From what I understand, "no" is only to be used when there is danger present--such as your kid preparing to tongue a light socket or touch a hot skillet on the stove. "No" is not to be used for the ten thousand other things your kid is constantly doing now that he's super-mobile. I guess saying "no" simply teaches kids to say it right back to you even sooner.
"No" is hard for me to let go of. I have two dogs, and "no" is a big part of their lives. "No," in fact, works pretty well with dogs. It doesn't always work for babies though.

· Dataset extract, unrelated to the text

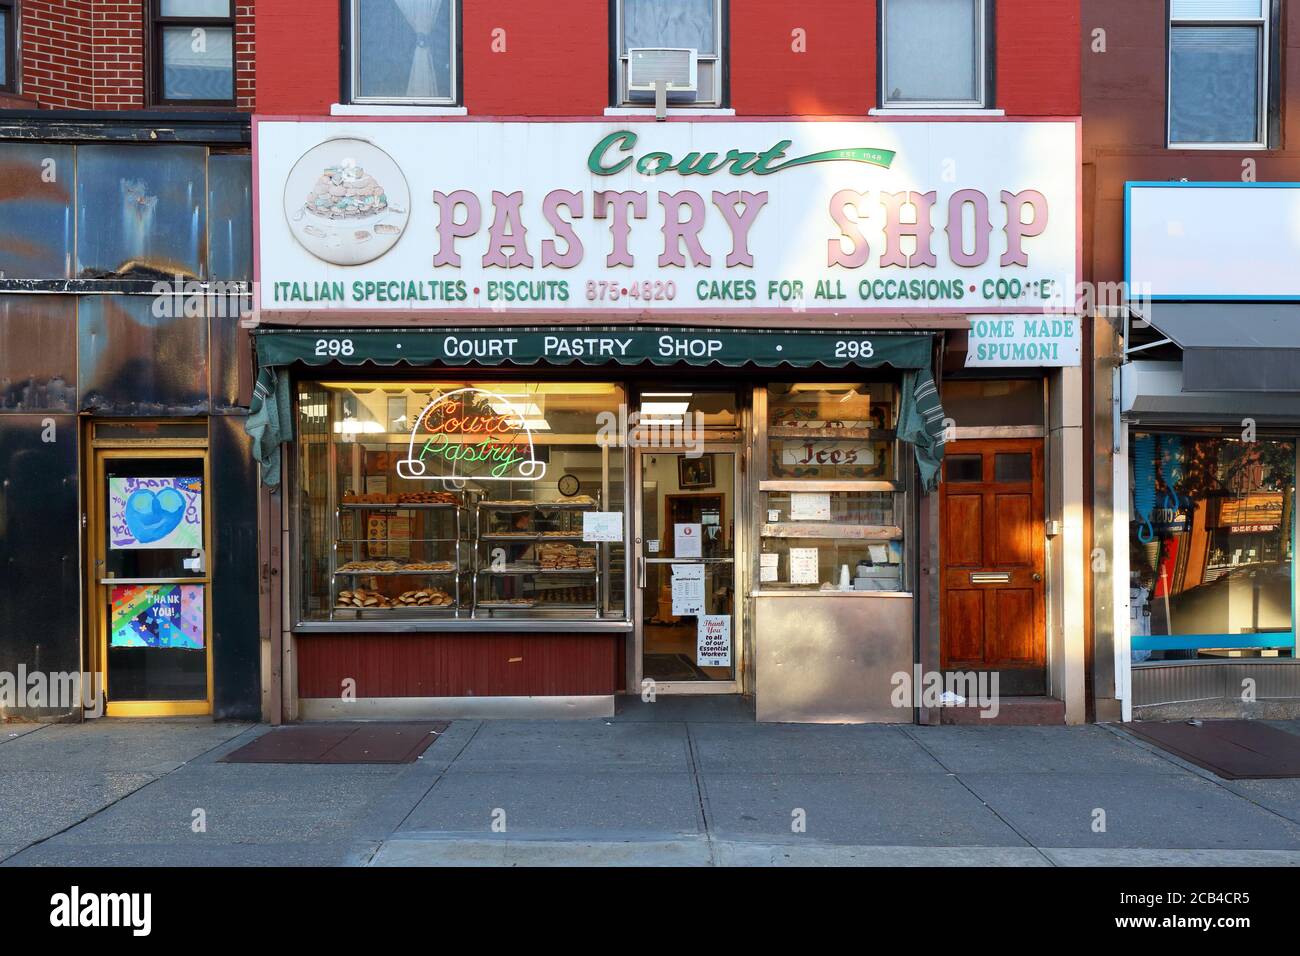 Court Pastry Shop, 298 court St, Brooklyn, NY. Façade extérieure d'une boulangerie italienne américaine dans le quartier de Carroll Gardens. Banque D'Images
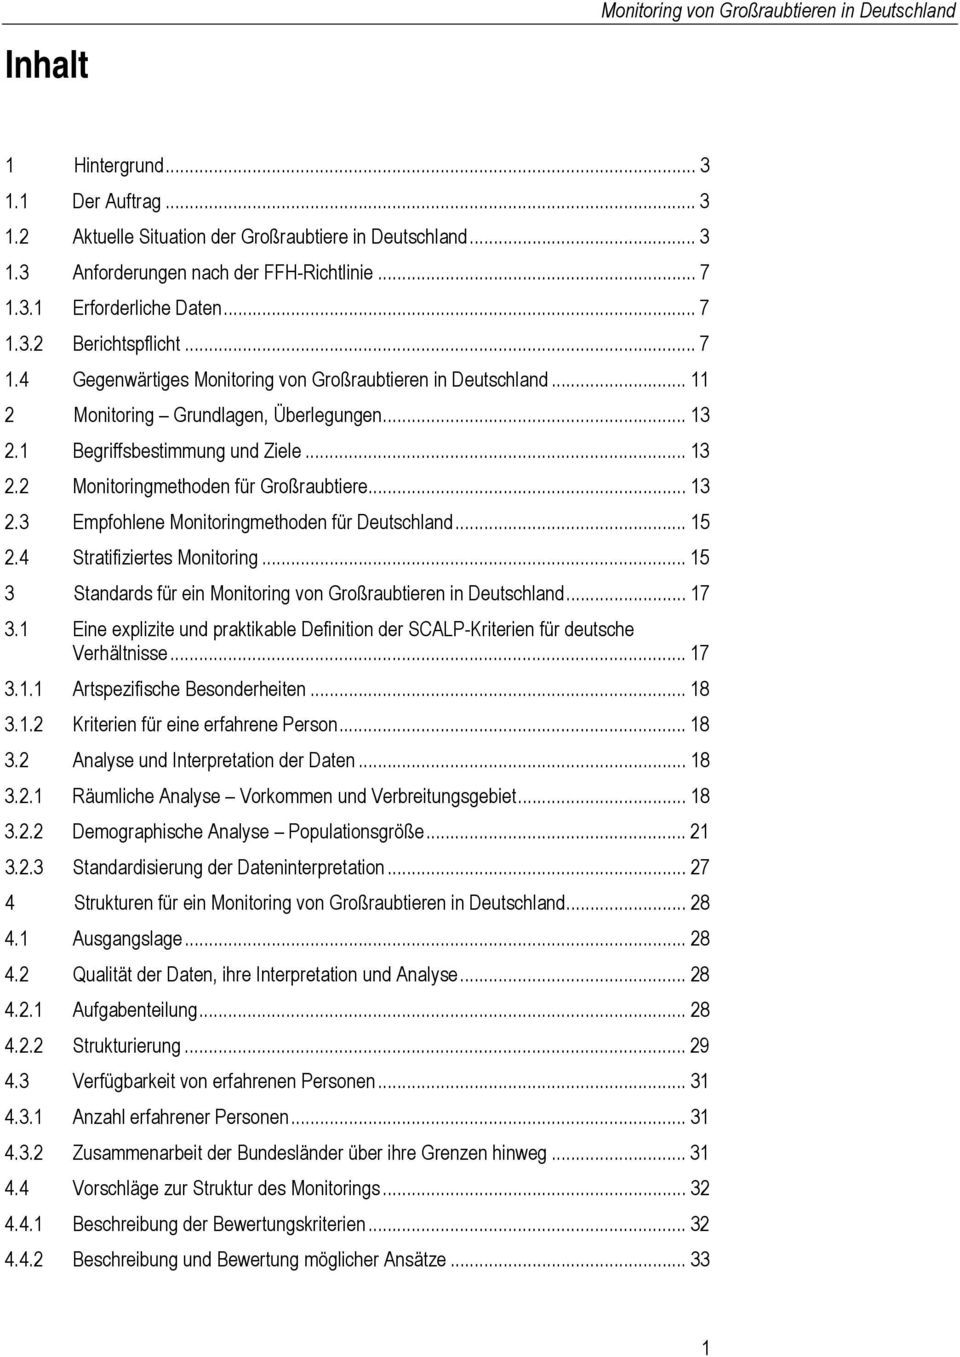 .. 15 2.4 Stratifiziertes Monitoring... 15 3 Standards für ein... 17 3.1 Eine explizite und praktikable Definition der SCALP-Kriterien für deutsche Verhältnisse... 17 3.1.1 Artspezifische Besonderheiten.

Mine just looks at me when a "no" slips out and usually smiles or laughs and/or continues on with whatever he's doing that I'd rather he not.
My husband laughs about what sorts of things we're supposed to say instead of "no." He asks if we're supposed to say things like, "I'd really rather you find another activity than continue to pull all my hardback books off the shelves." At least, lengthy as that is, it would teach our son more vocabulary.
I try not to say it, but occasionally it slips out anyway. Then I feel sort of bad. Then I get over it. I try to pick the kid up, move him to another area and another activity and hope for the best. Ten times out of ten he's back doing what he is not supposed to be doing before I can even sit down. So, sorry, but sometimes he gets a firm "no." And sometimes it actually works.
Any ideas what else we might do to avoid using this old standby? I'm tired of hearing myself say--or think--the word "no!"